O Nordeste que Ninguém Conta: como as PMEs da região estão silenciosamente liderando uma revolução tecnológica

A narrativa equivocada que insiste em circular nos corredores do setor da tecnologia brasileira

Por SERGIO FEITOZA
9 Min

Loredan Bernutty | Interactiva Networks do Brasil e Bernutty Technology

Por Loredan Bernutty — CEO da Interactiva Networks do Brasil e Bernutty Technology
Há uma narrativa equivocada que insiste em circular nos corredores do setor de TI brasileiro: a de que a transformação digital no Nordeste é lenta, periférica, secundária. Os números dizem o contrário, e quem está no chão do mercado sabe isso há anos.

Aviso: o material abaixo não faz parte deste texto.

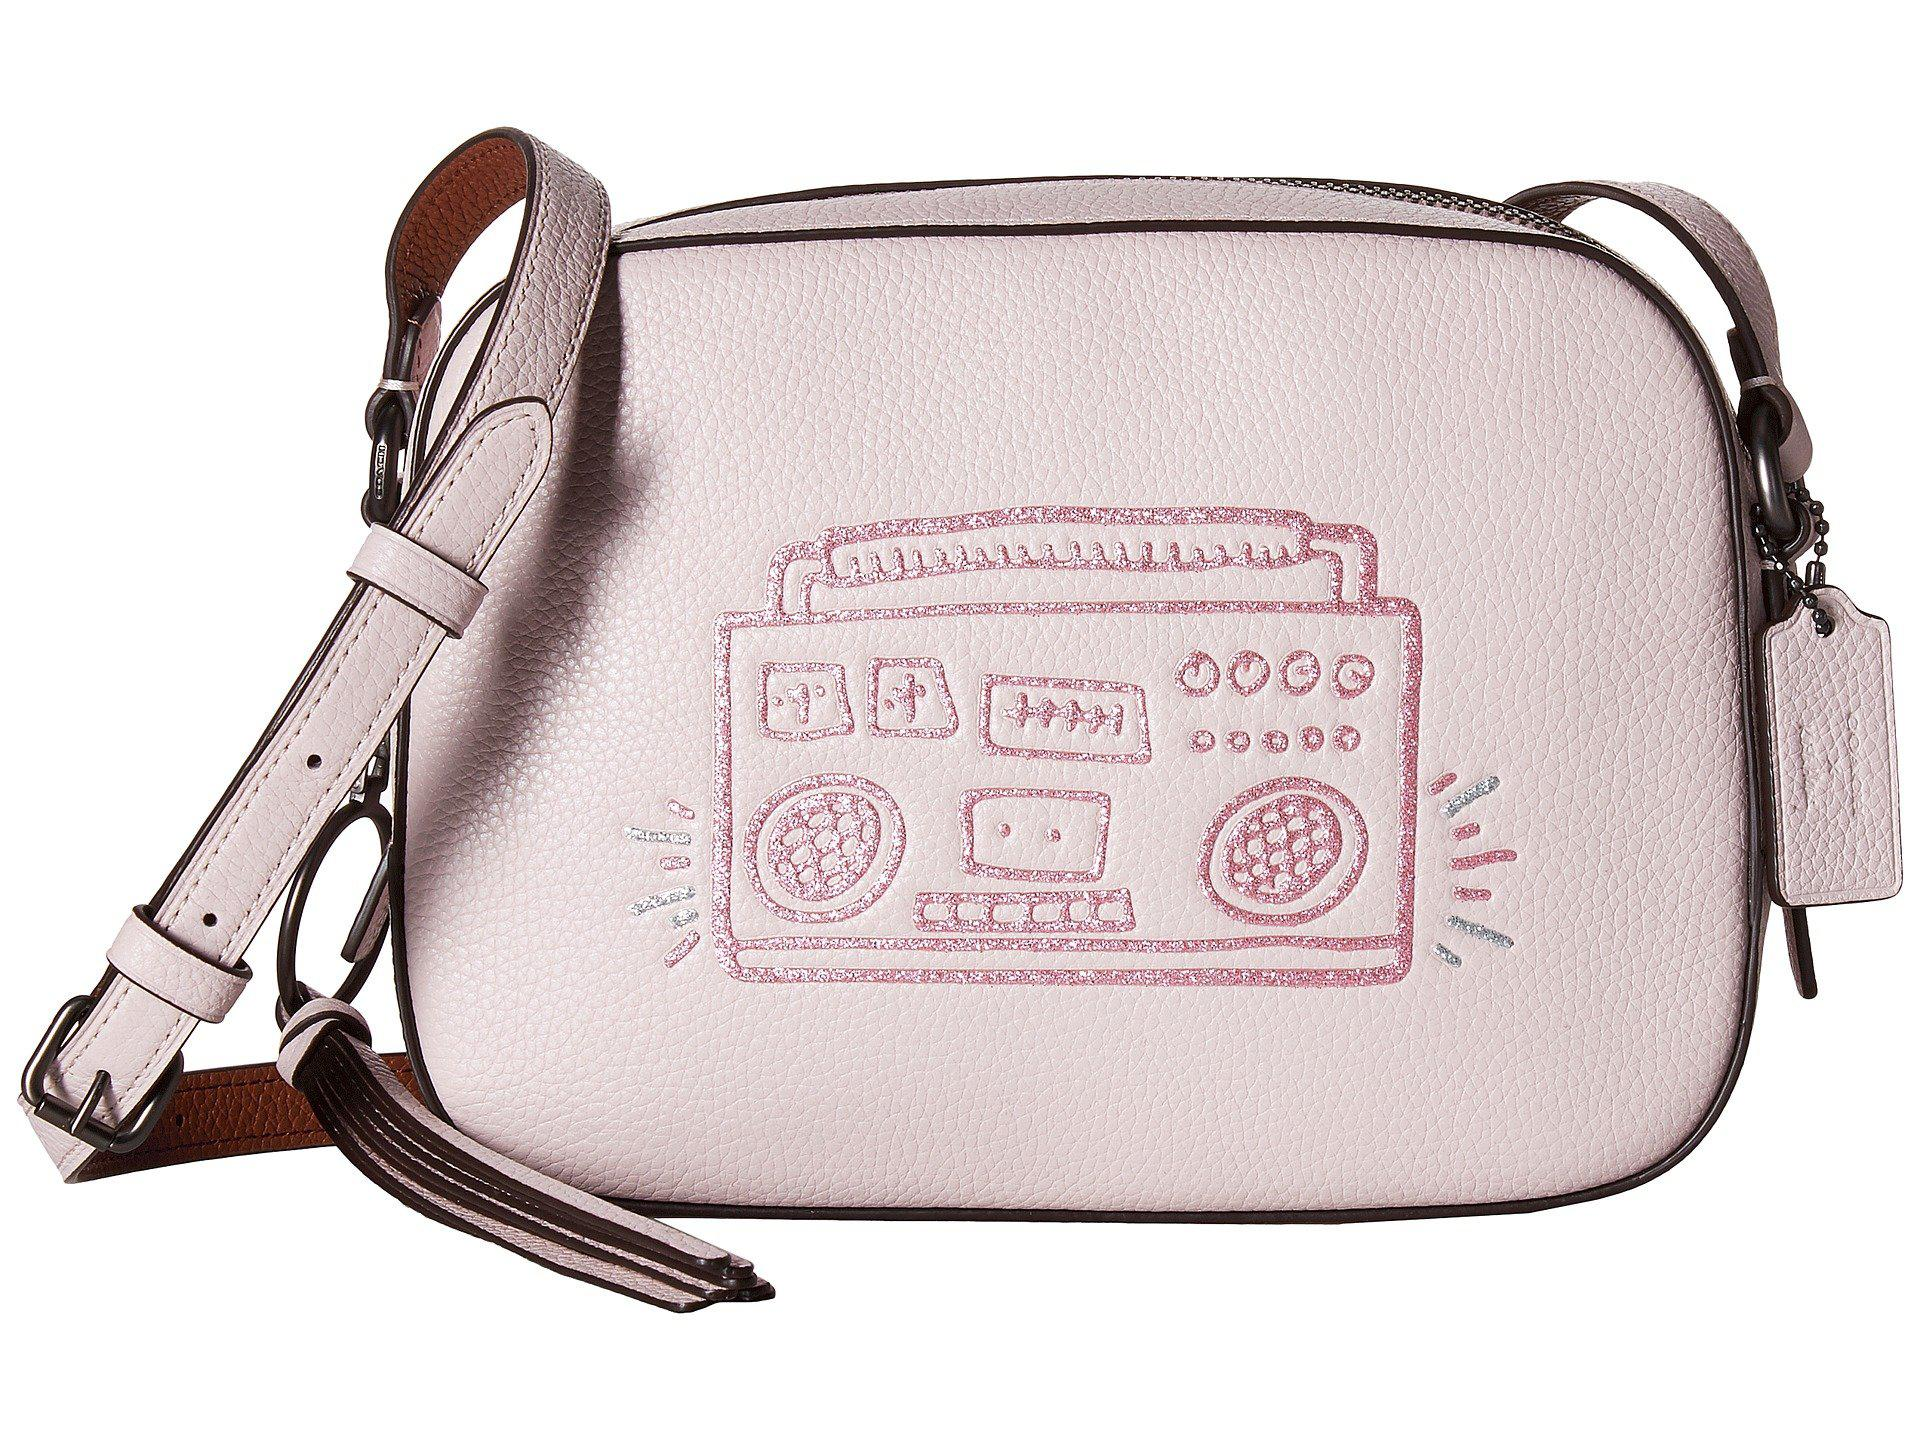 Cross Body Bags - Keith Haring Crossbody Bag Bright Pink - rose - Cross Body Bags for ladies Coach bO5CmdL30
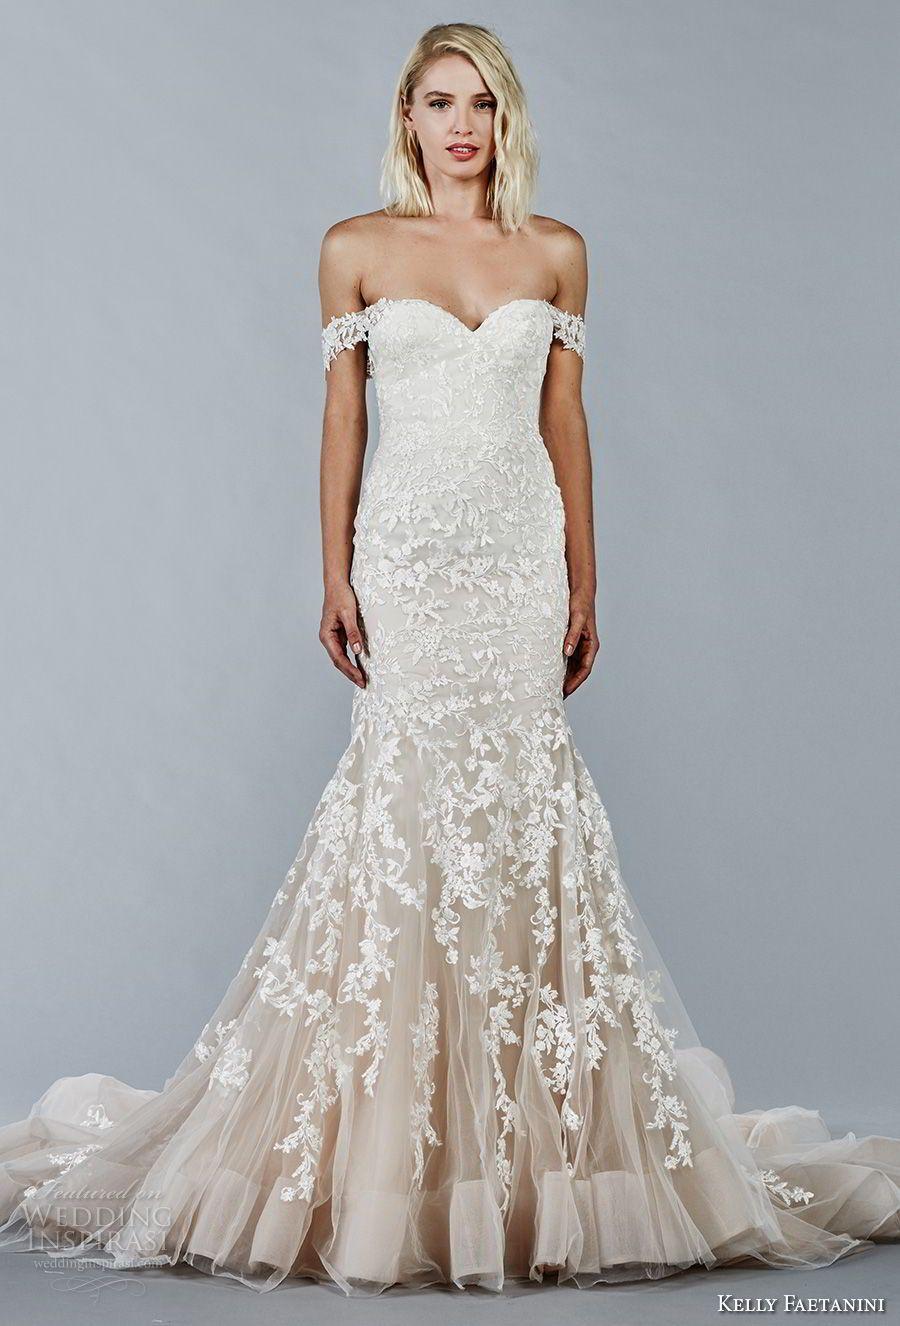 Kelly Faetanini Fall 2018 Wedding Dresses | Mermaid wedding dresses ...

O Brasil investiu US$ 90 bilhões em tecnologia da informação e comunicação em 2024, crescimento de 14% sobre o ano anterior, superando a média global de 10,8%, segundo dados da IDC compilados pela ABES. O Nordeste respondeu por 11,8% desse volume — e esse percentual está crescendo. Em 2025, a região registrou variação positiva de 8,3% no faturamento das PMEs, empatando tecnicamente com o Sul como a região de maior crescimento no país. Não é coincidência: é o reflexo de um mercado que amadureceu e passou a entender que tecnologia não é custo, é competitividade.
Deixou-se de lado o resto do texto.